Segment Start: GIVEN RECORDS

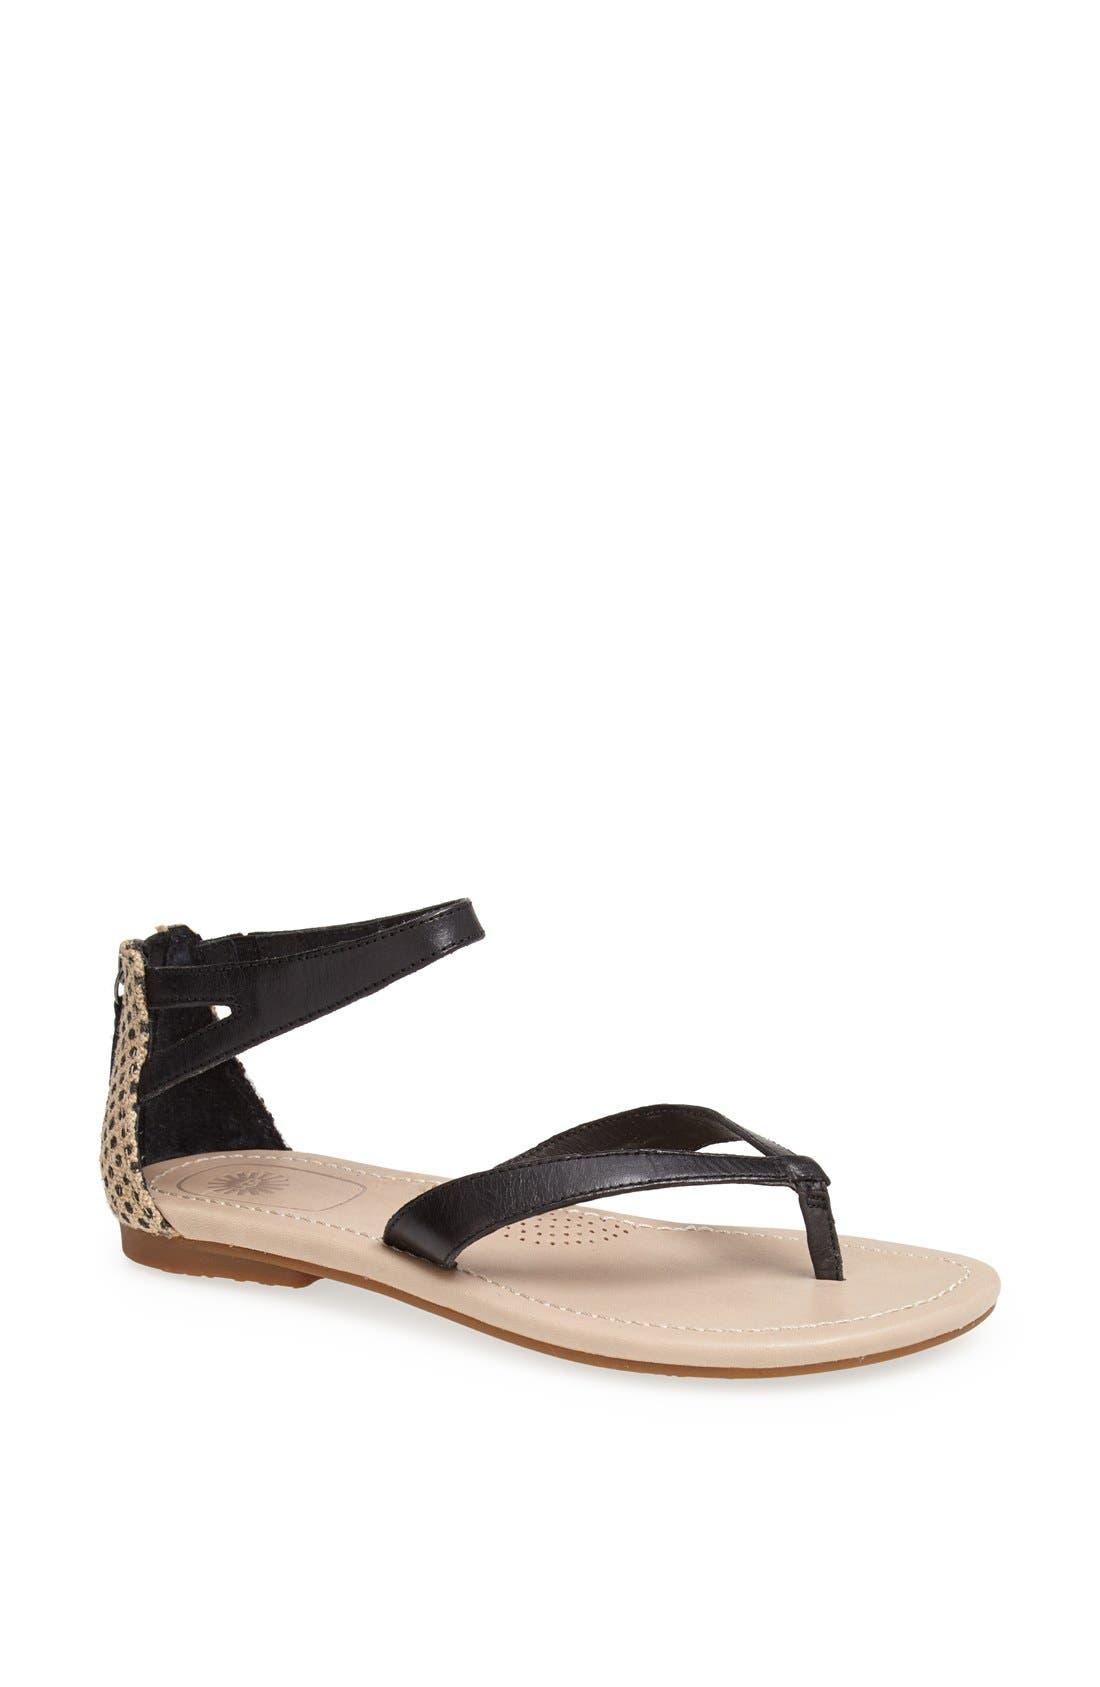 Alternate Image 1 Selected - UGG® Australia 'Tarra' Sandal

Segment End: GIVEN RECORDS
Segment Start: GIVEN RECORDS

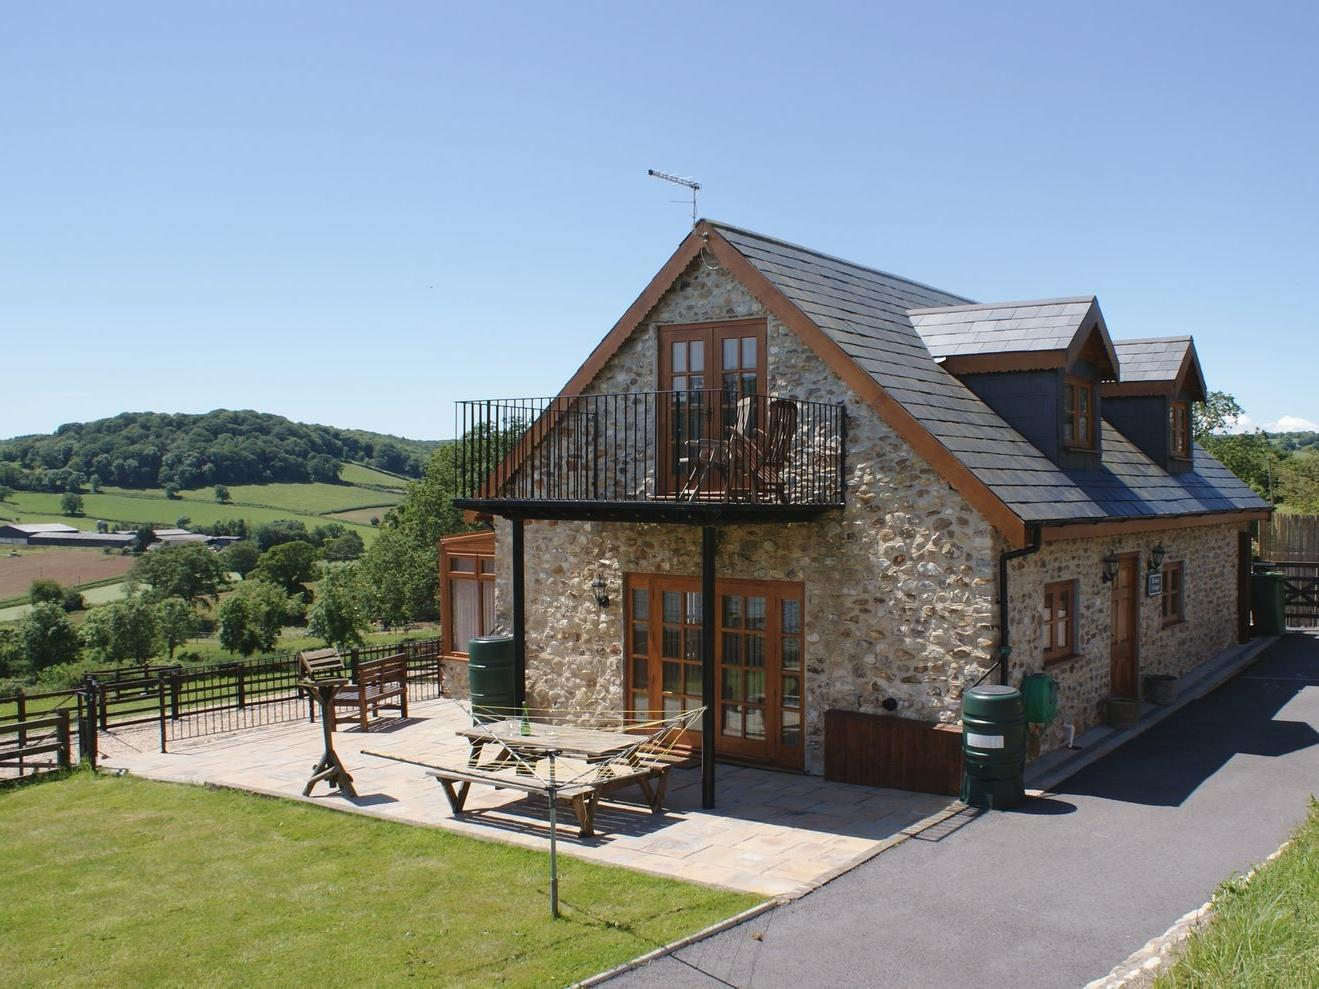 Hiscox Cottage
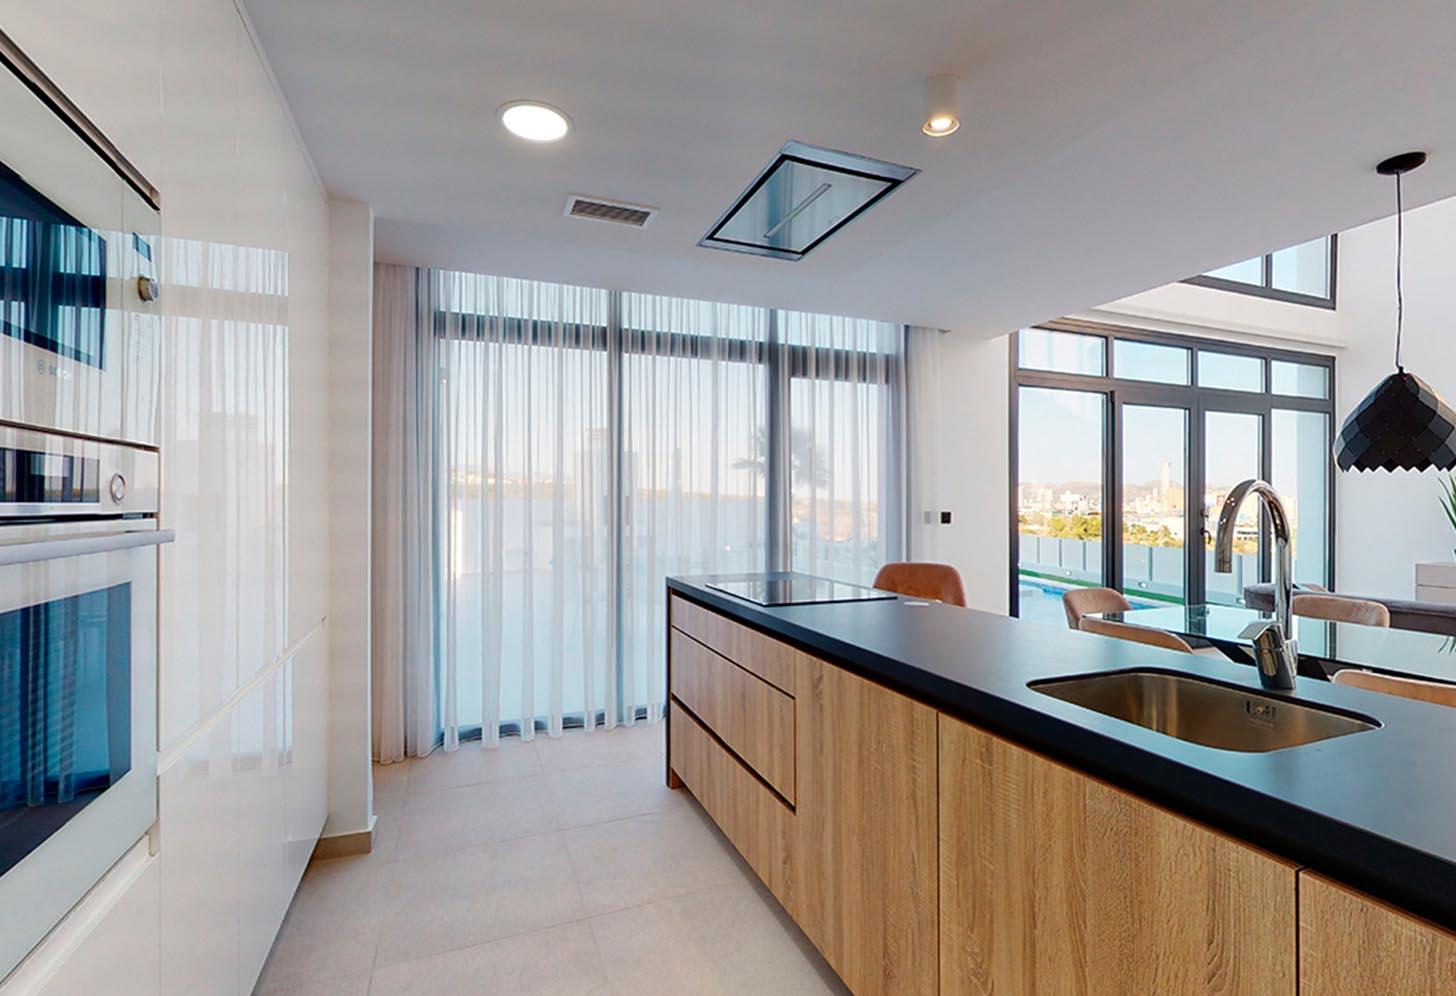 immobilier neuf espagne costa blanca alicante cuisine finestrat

Segment End: GIVEN RECORDS

WHAT YOU WILL DO :: Find where the line with "Hiscox Cottage" sits in the material above and where the line with "immobilier neuf espagne" sits. Set down exactly the lines from the first to the second, both included and nothing else, without pictures.

ANSWER FOR THE TASK ::
 Hiscox Cottage
 immobilier neuf espagne costa blanca alicante cuisine finestrat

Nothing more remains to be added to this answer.